Thankful For A Fine Fur Family

How will you celebrate the Holiday with your fine fur family?

How will you celebrate the Holiday with your fine fur family?

Although at the time of writing this, the temperatures in NYC are still hovering in the mid 70s, Thanksgiving is just around the corner! I love this time of year and all the holidays that come with it – for me thanksgiving isn’t about colonialism and pilgrims, it’s about taking a day with my little chosen family.

I’m really looking forward to eating food with my partner, cuddling with our cats a little extra, taking our dogs on a long walk. Although those are things we do everyday, it always feels a little bit extra special on Thanksgiving.

I ran away/was kicked out for being queer when I was a teenager and I don’t have a relationship with the family that raised me. Like a lot of queer folks, for a long time holidays like Thanksgiving were painful and isolating. I didn’t have a family, and everything about the holiday felt like a reminder of everything that I had lost.

My feelings about thanksgiving (and all holidays for that matter) really shifted once I had a queer family of my own, where holidays transitioned from a time of stress and abuse and then later abandonment, to now where holidays where I could build my own traditions, and take joy in being together with the family that I have chosen and built.

As I think about how reclaiming holidays has impacted me, I can’t help but concentrate on the role my dogs play not only as key members of my chosen family, but the important role they play in my daily life. As an abused kid I had much closer relationships with dogs than with people, and although as an adult I’ve learned how to find and create my own community with other humans, the relationships that I have with dogs are some of the most important to me.

Not only are my dogs my companions, they are also are mindfulness teachers, who continuously inspire me to be present and to try to find joy in every moment.

I don’t meditate or do yoga, or run marathons or any of the other things that many queer folks I know say quiet their mind and bring them to a place of peace. Instead of spending my time doing any of those things, I play with my dogs, I teach them silly tricks (lots and lots of tricks), and we go for walks.

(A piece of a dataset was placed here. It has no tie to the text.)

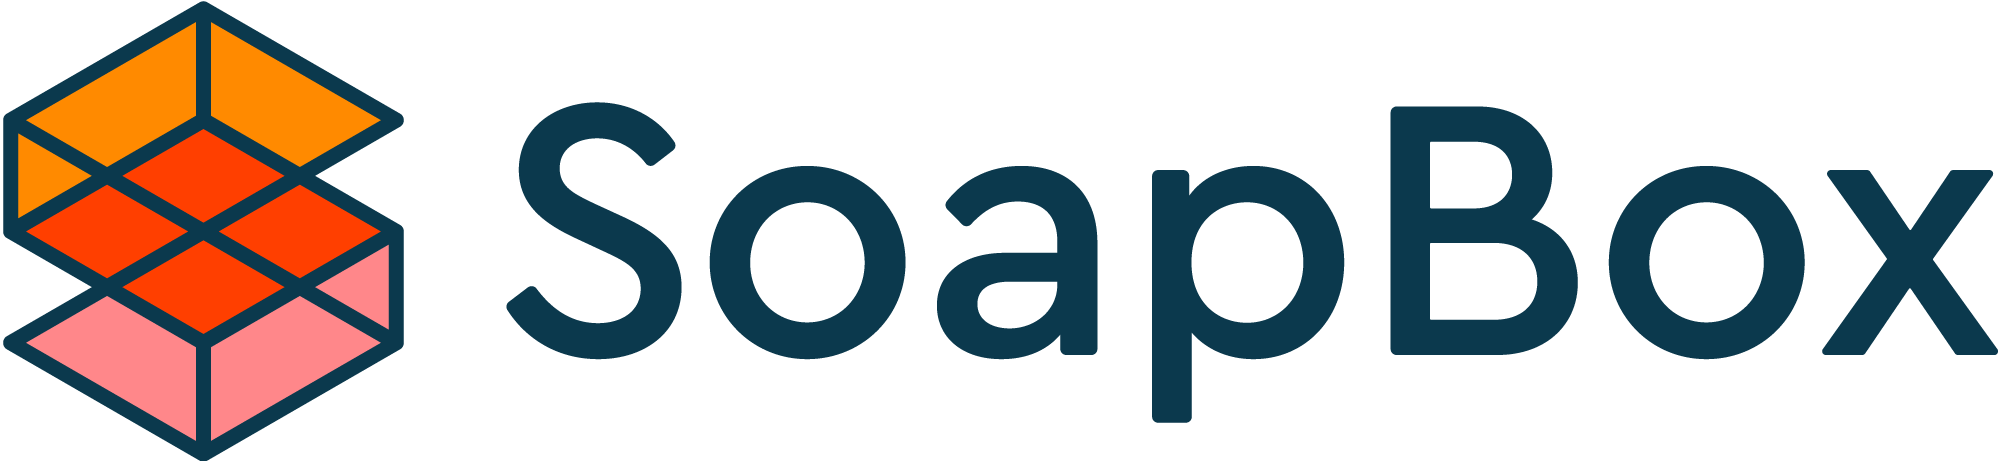 The SoapBox Labs logo.

I’m the first to admit that I can be a little high strung, I live in NYC and I’m often busy working either out in the world at my day job, or sitting here at my computer writing, and yet most important to me is to prioritize time with my little family. I know that the more time I spend doing fun things with my dogs, the less stressed I am, and the more centered I feel.

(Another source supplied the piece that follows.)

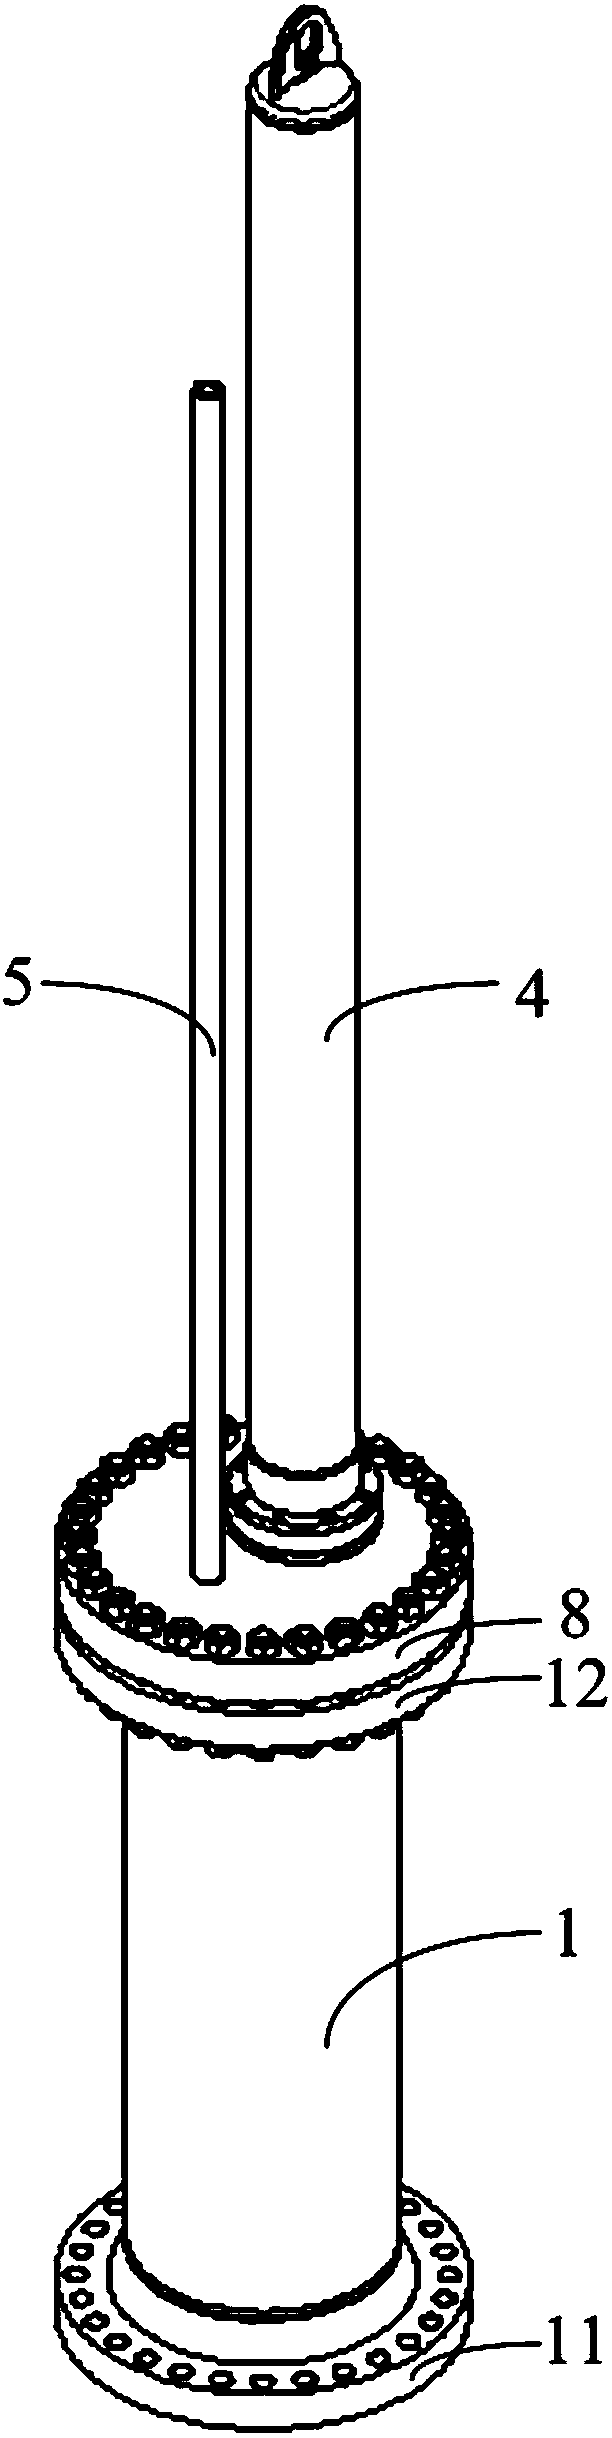 Pipeline plug feeding mechanism

In particular my youngest dog Charlotte who had a horrible start to life – being found starving on the streets of a small town with a litter of puppies, only to narrowly escape being gassed to death in an overcrowded shelter before she found her way into our home/family has taught me more than probably anyone else about finding the joy in every moment.

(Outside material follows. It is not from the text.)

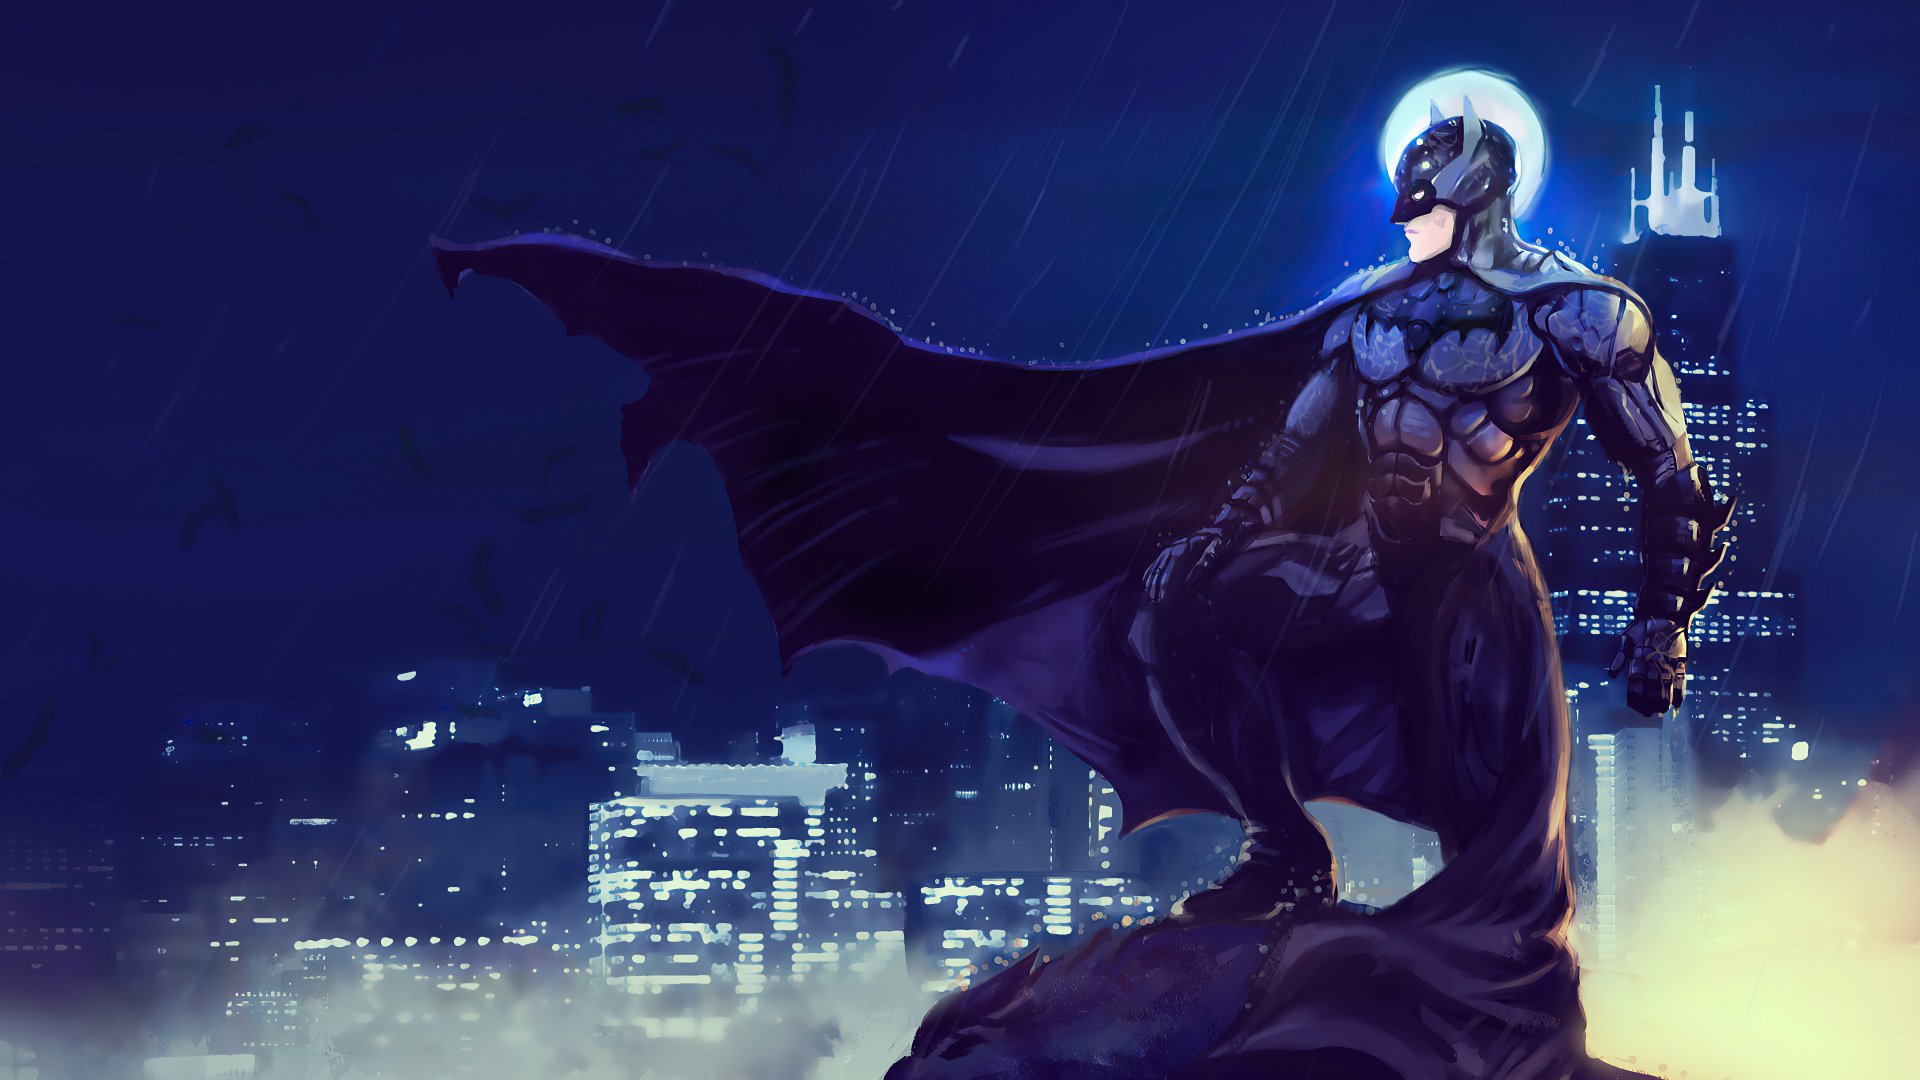 Download DC Comics Comic Batman  4k Ultra HD Wallpaper by emusheret6

Charlotte has every reason to be wary and distrustful, but she isn’t. For Charlotte, every day is a great big adventure. She finds tremendous joy in everything from each of her (oh so many) toys, to rolling on her back on the carpeted area rug in our living room, to more extravagant things like vacations to the beach.

I have such admiration for the way Charlotte doesn’t take any moment for granted, for the way she loves my partner and I and her canine and feline siblings so fully and completely. I don’t think in the 4 years that Charlotte has been our baby has she ever had a day that wasn’t joyful.

She isn’t worried about if the next block will bring a sighting of a dog, or if it will rain tomorrow (both things she dislikes) instead she is fully present in this moment, and radiating a contagious joy. I’m someone who often is thinking ahead and she offers me a great reminder that sometimes I don’t need to worry about what lies ahead, I need to just enjoy the beauty of the present moment.

I love walking Charlotte in the morning, because it is such a grounding reminder of the intentionality, and presence and playfulness I want to bring to the rest of my day.

I’m not generally big fan of poetry, but there is a fantastic poem titled “Letter To My Dog: Exploring the Human Condition” by the brilliant queer poet Andrea Gibson (http://www.andreagibson.org/)  that beautifully captures so many of the ways dogs touch our lives. This poem so eloquently reminds me of the importance of building human/canine family, and all of the unique ways that dogs not only bring joy into our lives, but lead us as their human guardians to question and examine the way we live our own lives. Check it out!

Happy Thanksgiving to all of you who celebrate, and I hope that this month, like every month, you find some extra joy and peace through spending time with your furry companions!

I’d love to hear about how your pets inspire you, and contribute to a practice of mindfulness or how you celebrate Thanksgiving with your furry family!